Ну, после обеда захотелось мне отлить. В сортир по очереди водят, ряд за рядом. Руки-ноги, сам понимаешь, от цепей не освобождают. Как хочешь, так и управляйся. Двери к тому же открытыми держат. Вообще-то с этим делом лучше потерпеть. Многие на пересылке так и делали. В день этапа не пили и не ели. Ждали, пока до места доедут. Правильно поступали, между прочим.
Мой черед наступил. Я тоже руки в наручниках над головой поднял – в туалет, мол, хочу. Мент подошел к нашему ряду, командует – вылезай! Я через пацанов пробираюсь, а они меня поддерживают, чтобы на них не завалился. Даже не спрашивай, русский, как я штаны снял. Руки в наручниках, на поясе цепь, а около члена замок висит. Я-то еще ничего, по маленькому ведь сходил. А что, если по большому приспичит? Попробуй подотрись, когда руки в браслетах впереди висят. Вот поэтому весь сортир в говне арестантском. Жуть…
Обратно на свое место я не попал. В хвост пересадили на всякий случай. С новым соседом разговорился. Шепотом, конечно, и головы не поворачивая.
Парень в тот день уже третий перелет совершал. С Западного побережья на юг, через всю страну – в Майями. Все на одном и том же самолете. В полете почти целые сутки! Выгрузка-погрузка-дозаправка и дальше – по маршруту. Их, бедолаг, из салона не выпускали. Столько часов скрюченным и в цепях! Он все дождаться не мог, когда в конечную точку прилетит. Вот так и о тюрьме замечтаешь.

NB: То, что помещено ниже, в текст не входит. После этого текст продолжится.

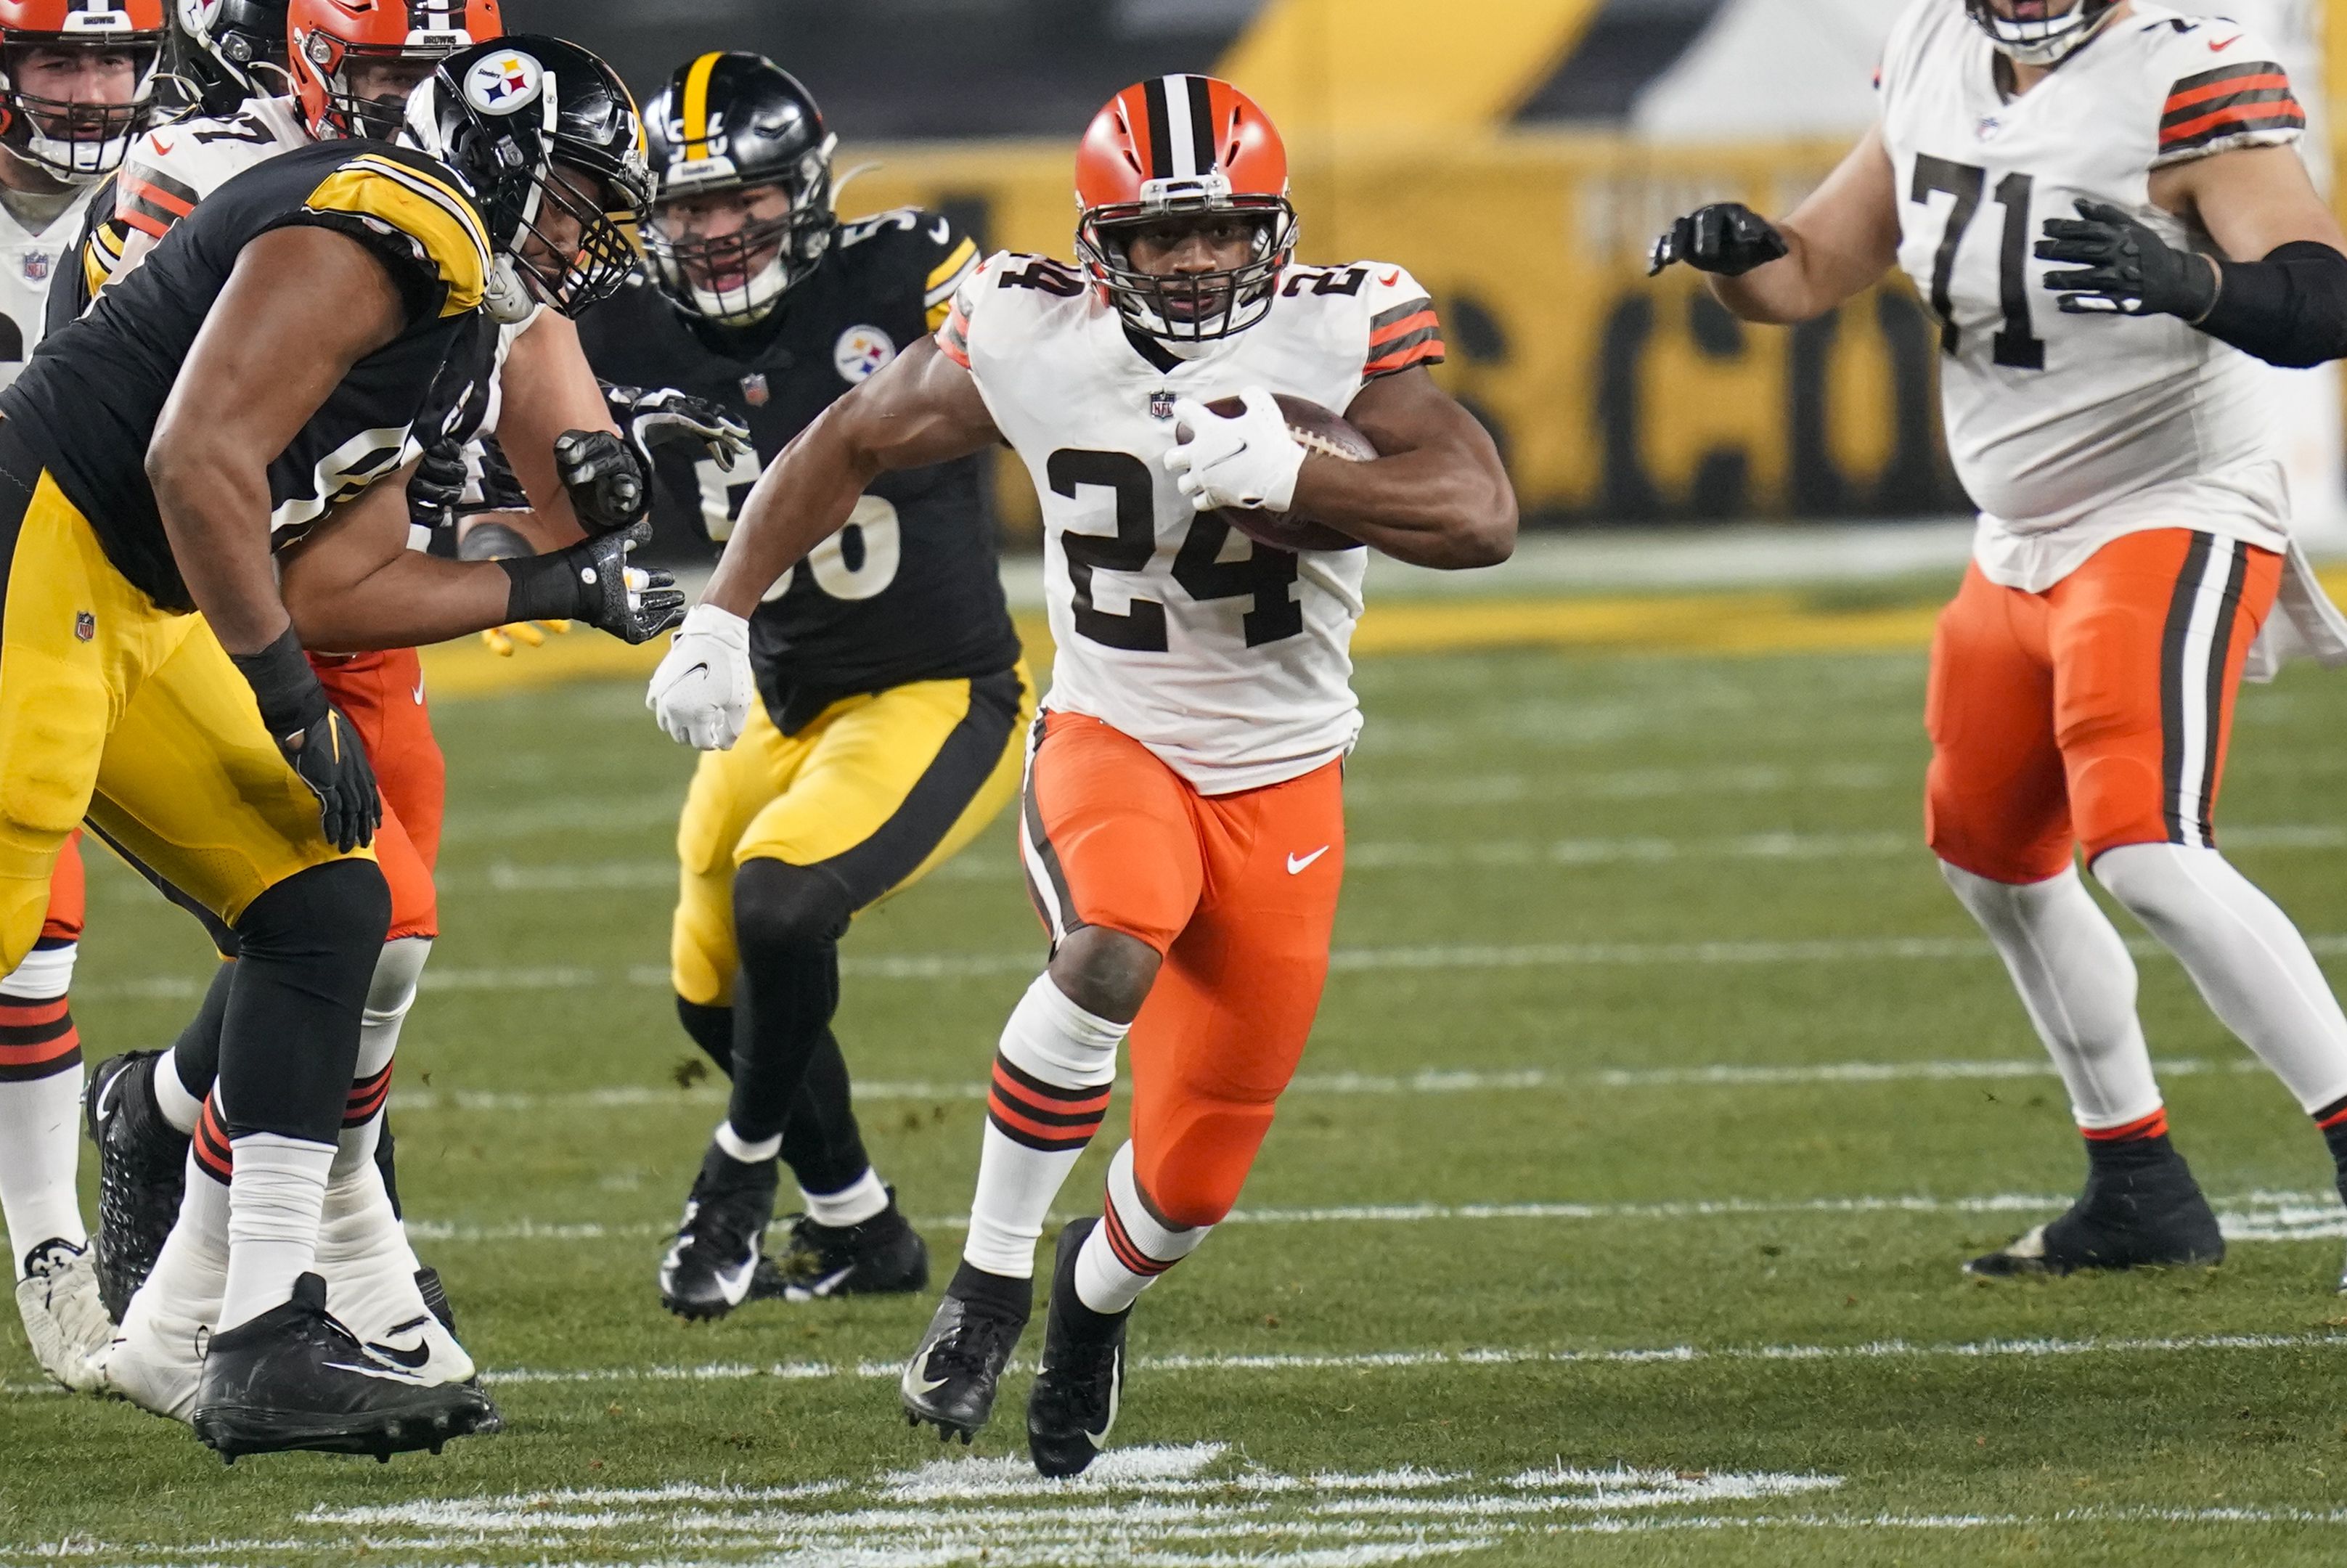 EXPLAINER: How to watch Steelers vs Browns Thursday Night Football game

Болтали мы недолго. Через час-полтора на посадку пошли. К Атланте, значит, приближаемся. Самолеты ведь тюремные, как челноки, по одному и тому же маршруту летают. Опытная братва знает, какая остановка следующая.
Приземлились, слава богу, нормально. Шасси и крылья не отвалились. Даже странно, что живыми остались – так все тряслось. Посильнее, чем при турбулентности.
Ну, смотрим мы в иллюминаторы, пытаемся что-то увидеть. Дождя нет, вечер уже, аэропорт большой, и нас прожекторами подсвечивают. Вокруг самолета, прямо на взлетном поле, автобусы и вэны стоят. Нас, значит поджидали, чтобы по тюрягам развезти. И ментов – до хрена. Как и положено, с оружием наготове. А некоторые – так вообще – с собаками. Чтобы нам страшнее было и чтобы бежать не вздумали. Ребята-то все отчаянные, некоторые – со строгого режима. Таким терять нечего.
Охрана орет – с места не вставать, пока команда не поступит! Сначала по проходу телок повели. Мимо нас идут. Пахнут женским чем-то, некоторые улыбаются, заигрывают с нами. Черные девчонки особенно. Грудь специально поправляют, хоть и в наручниках. Задами своими огромными виляют. Всем лет по 30–40, как и нам в общем-то.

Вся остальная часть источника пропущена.